Miloš Jovanović

Luxury and Progress in Belgrade

Categories: [research]

See full article in English on Eurozine and in Estonian in Vikeraar.

On 22 September 2018, sometime around 9:30am, Aca Šimunov (41) and Stefan Dabetić (26), two construction workers, fell to their deaths while accessing the twenty-second floor of one of Belgrade’s luxury Waterfront district high-rises. Their deaths were not extraordinary events in 2018: fifty-one other workers died on their jobs that year in Serbia, a plurality of them construction workers. The Belgrade Waterfront, a 3.5-billion euro private-public partnership between the Emirati firm Eagle Hills and the Serbian government, exemplifies the city’s recent housing project construction boom. Envisioning a bright future of luxury apartments, high-rises, marinas, hotels and shopping malls, the project signals Serbia’s commitment to a post-socialist modernity circumscribed by capital.

On the surface, the Waterfront projects a vision of a-historic glass and steel, the architecture of finance capital. Its towers are almost ‘out of time’, their uninterrupted cuboids reflecting a watered-down version of the high-modernist aesthetic developed by Mies van der Rohe for midtown Manhattan in the late 1950s. Sprinkled between the high-rises are neo-futurist designs such as the 168m Kula Belgrade tower. Nothing in the Waterfront appears to have its own historical narrative. The modernist referent of its glass facades simply serves as a weakened memory, something which, in the words of Fredric Jameson, ‘serves to annihilate time’.1

While many of these projects are mixed-use with significant commercial components, the majority of their square meterage comprises residential units for the real-estate market. This is for a good financial reason: average real-estate prices in Belgrade have continued to grow at a rate of 7% per year since the end of the recession in 2014. Based primarily in the premium and high-end segment of the market, such housing satisfies a growing demand in a population that has experienced easier access to bank loans and the opening of the country’s economy after the fall of Milošević. According to Deloitte and Touche, the average return on equity for the banking sector in Serbia was 11.3% in 2018. Such favourable conditions for constructing profitable luxury housing also drive speculatory investment on the part of a nascent bourgeoisie, further raising real-estate prices. Belgrade’s construction boom has thus relied on a quick turn-around of investment and conservative architectural endeavours, comprised mostly of modernist and a-historic designs.

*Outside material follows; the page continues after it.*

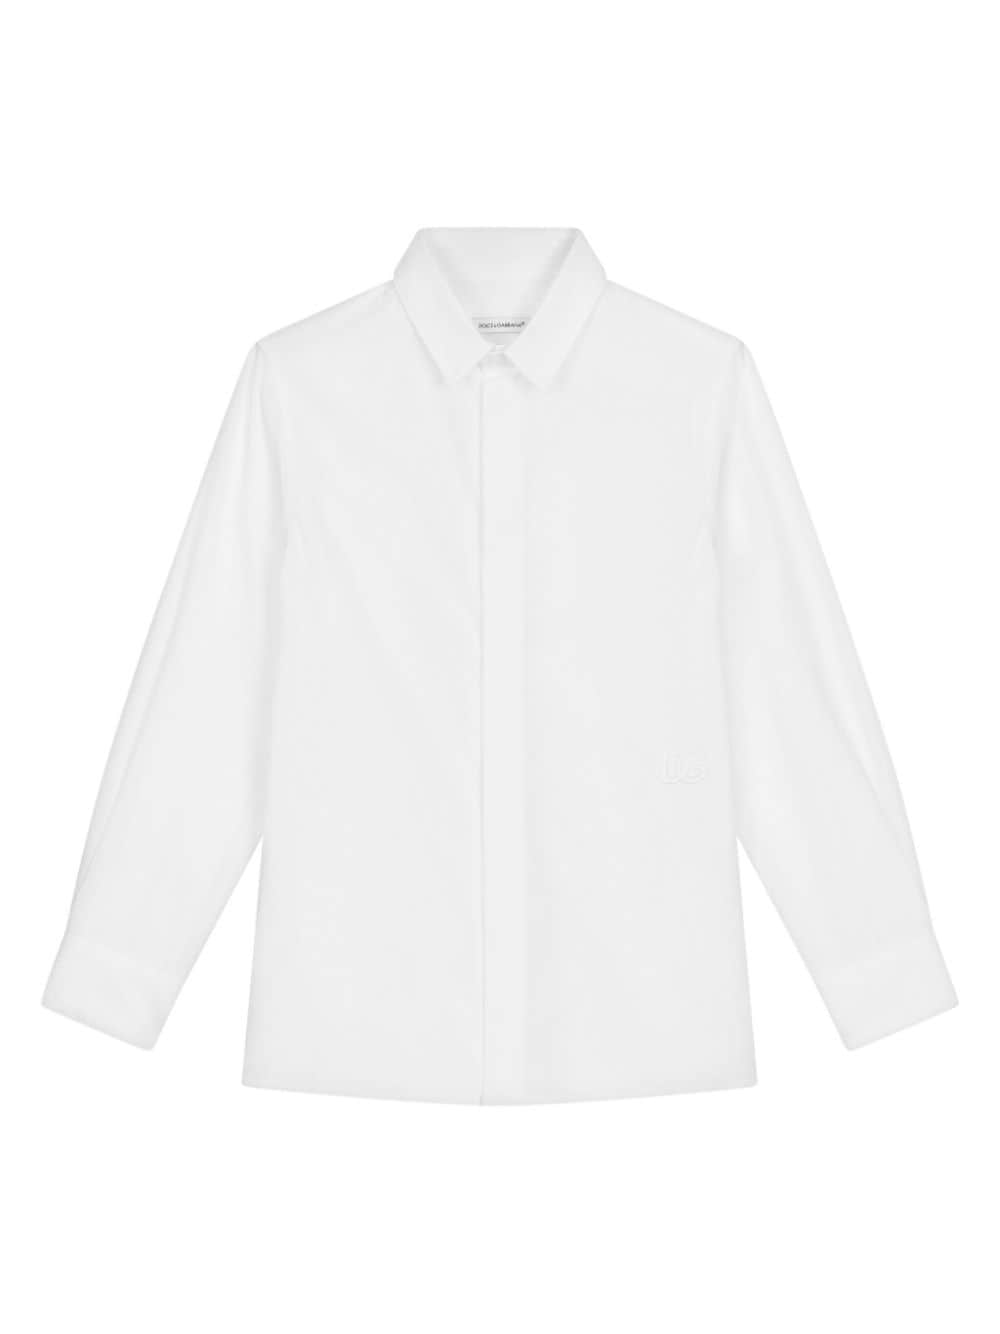 White shirt for children
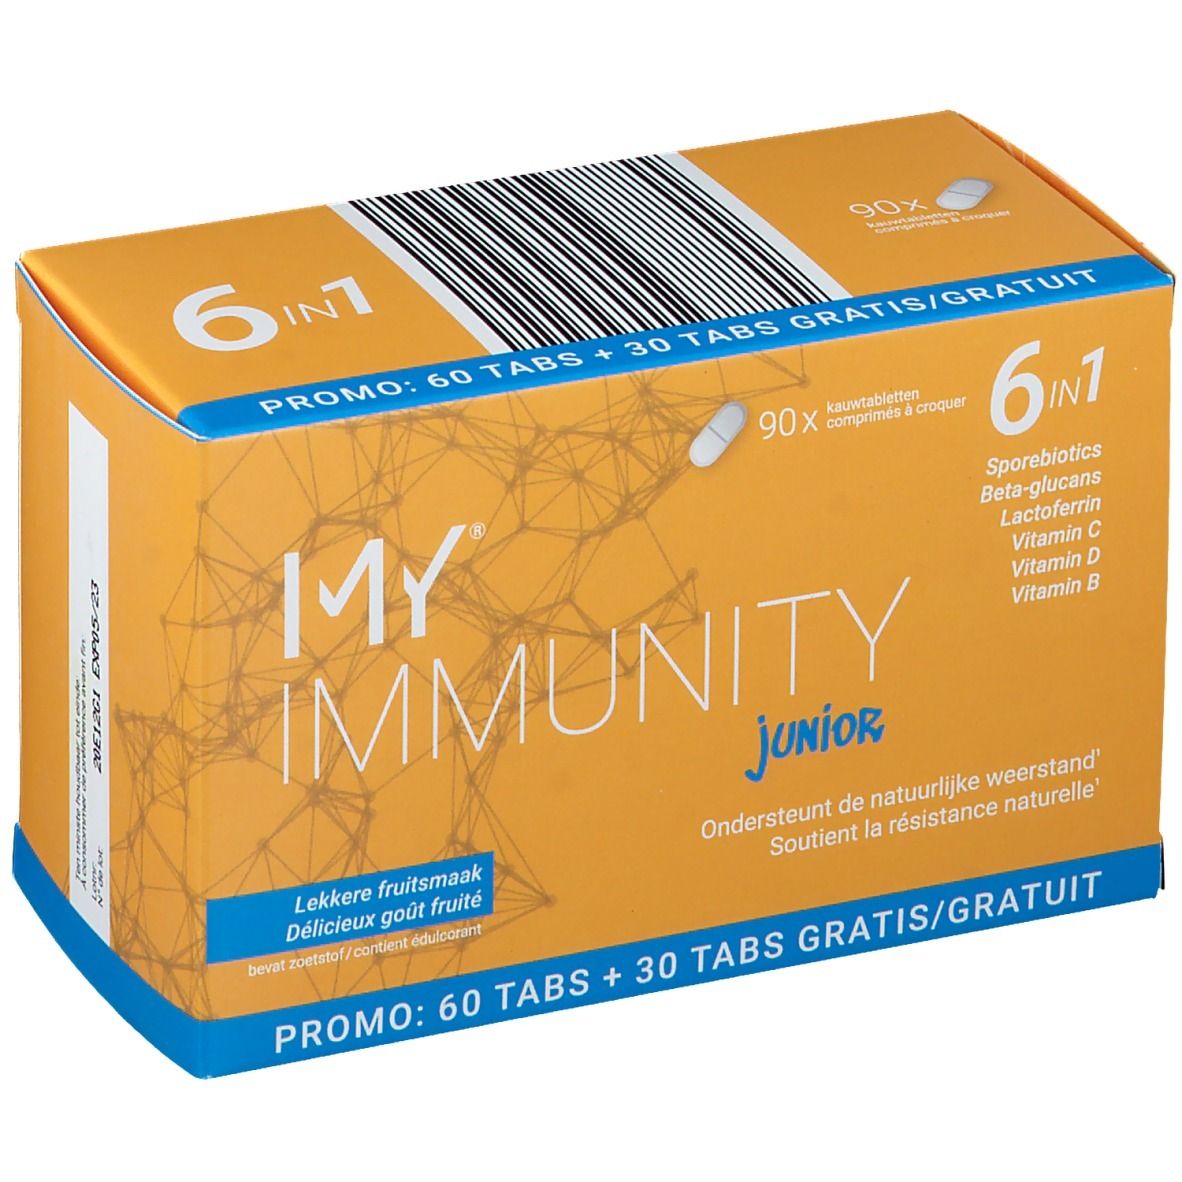 My® Immunity Junior

As the largest of these projects, the Belgrade Waterfront is situated at the apex of Serbia’s long-standing ambitions to join the European family of nations. Paradoxically, its ‘end of history’ narrative relies heavily on historical comparison. Introducing the project to the National Assembly in 2015, Serbian president (then prime-minister), Aleksandar Vučić linked the Waterfront’s revitalization of the post-industrial Savamala district with nineteenth-century de-Ottomanization under Prince Miloš Obrenović (1830–39, 1858–60). In Vučić’s exposé, Belgrade’s post-Ottoman transition was a simile for Serbia’s economic transition to market capitalism. Vučić compared himself to Miloš – they had both undertaken an arduous struggle against a ‘backward people’, unwilling to step into modernity.

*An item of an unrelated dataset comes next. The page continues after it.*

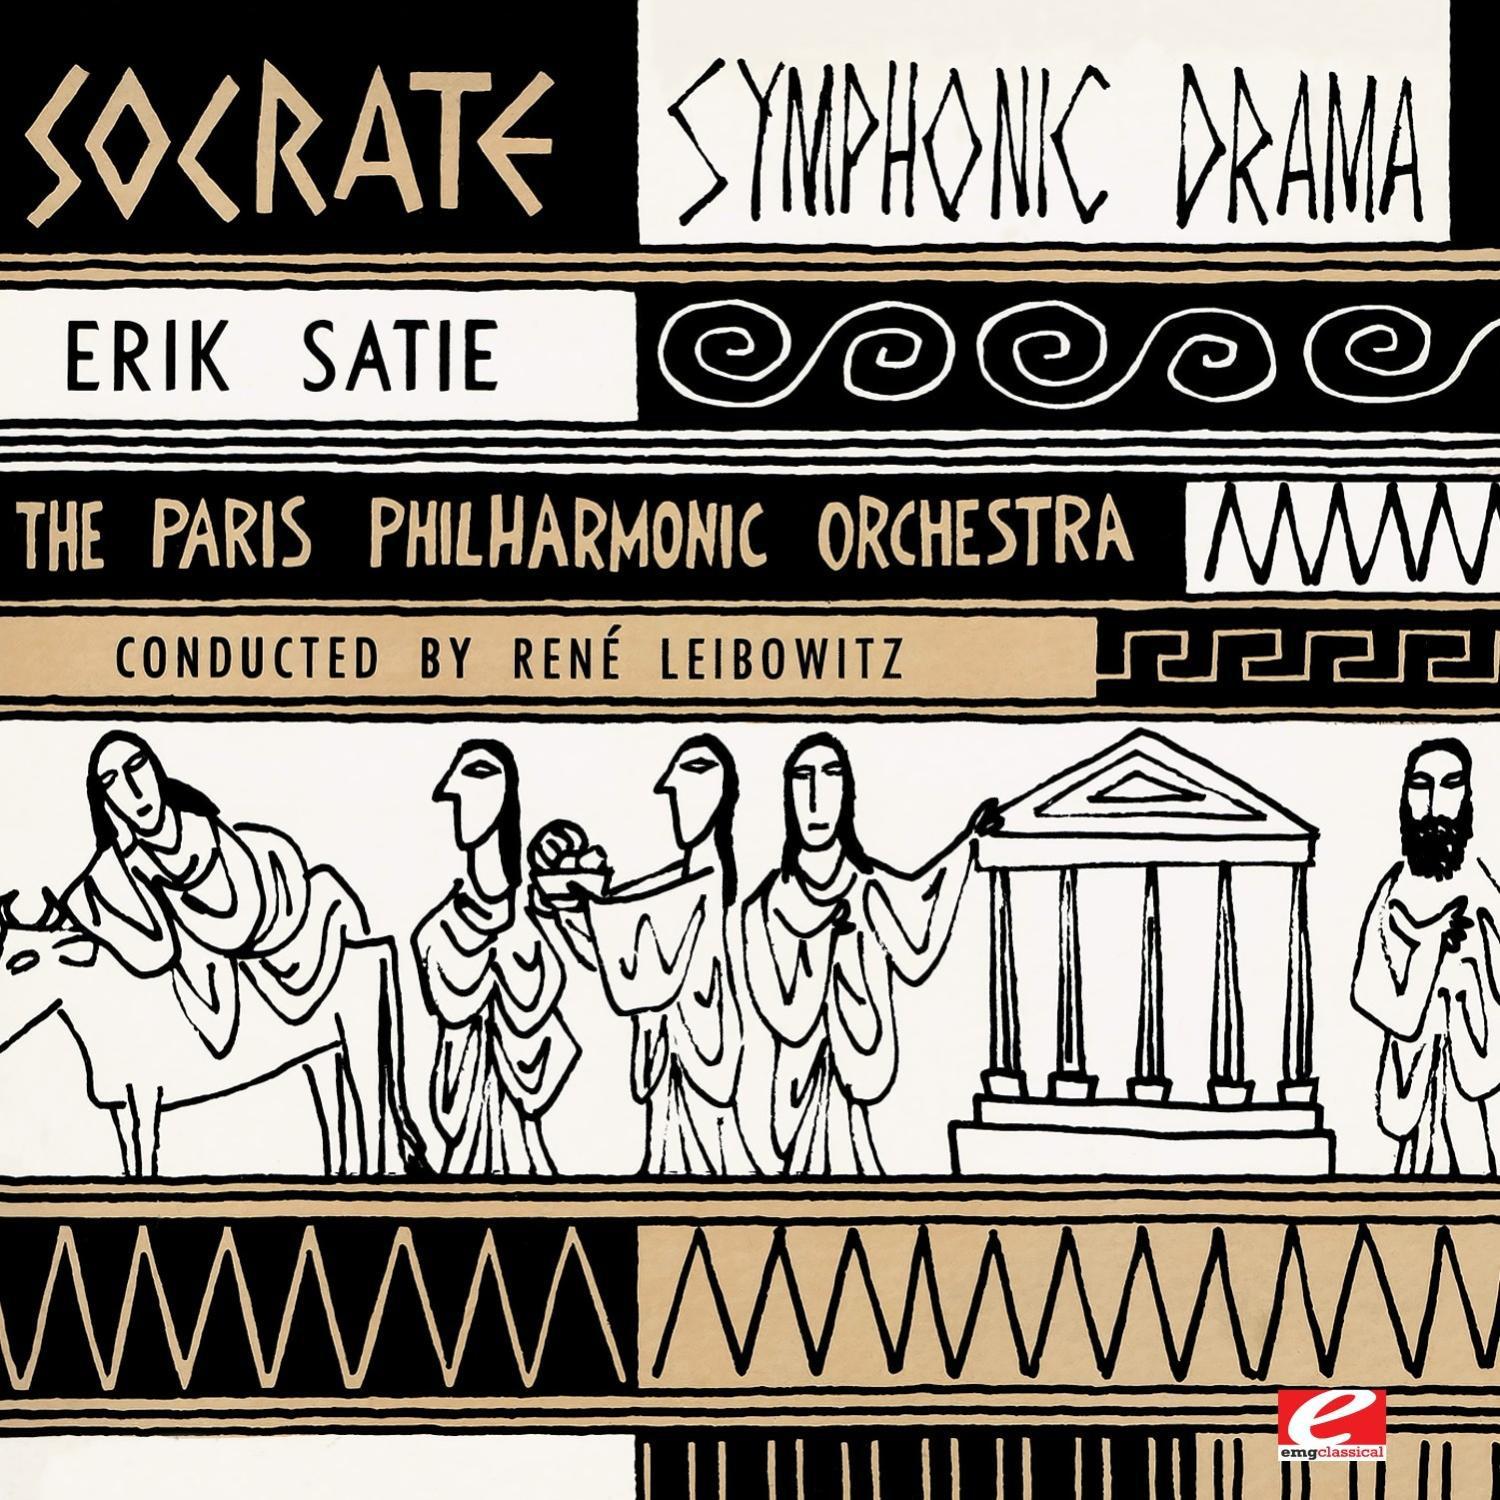 Erik Satie - Socrate: Les bords de l'Ilissus (The Banks of the Ilissus) text taken from Plato's Phaedrus

Such narratives of universal, capitalist progress rely on a depthless engagement with history based on a fantasy of uncontested pasts. As the Belgrade city manager Goran Vesić noted in 2017: ‘the Savamala was created thus – with the stick. A Serbian merchant town built by Miloš to oppose the Kalemegdan fortress, which remained in Turkish hands … Today, it is made with cranes, with trucks, and with machines’. Official narratives frame the two transitions – from empire to nation state and from socialism to capitalism – as nodes in one continuous progression, tellingly skipping over the entirety of Yugoslav history. And yet a more careful examination of Belgrade’s nineteenth-century history may likewise bring into focus the contradictions inherent in both post-Ottoman and post-socialist transitions.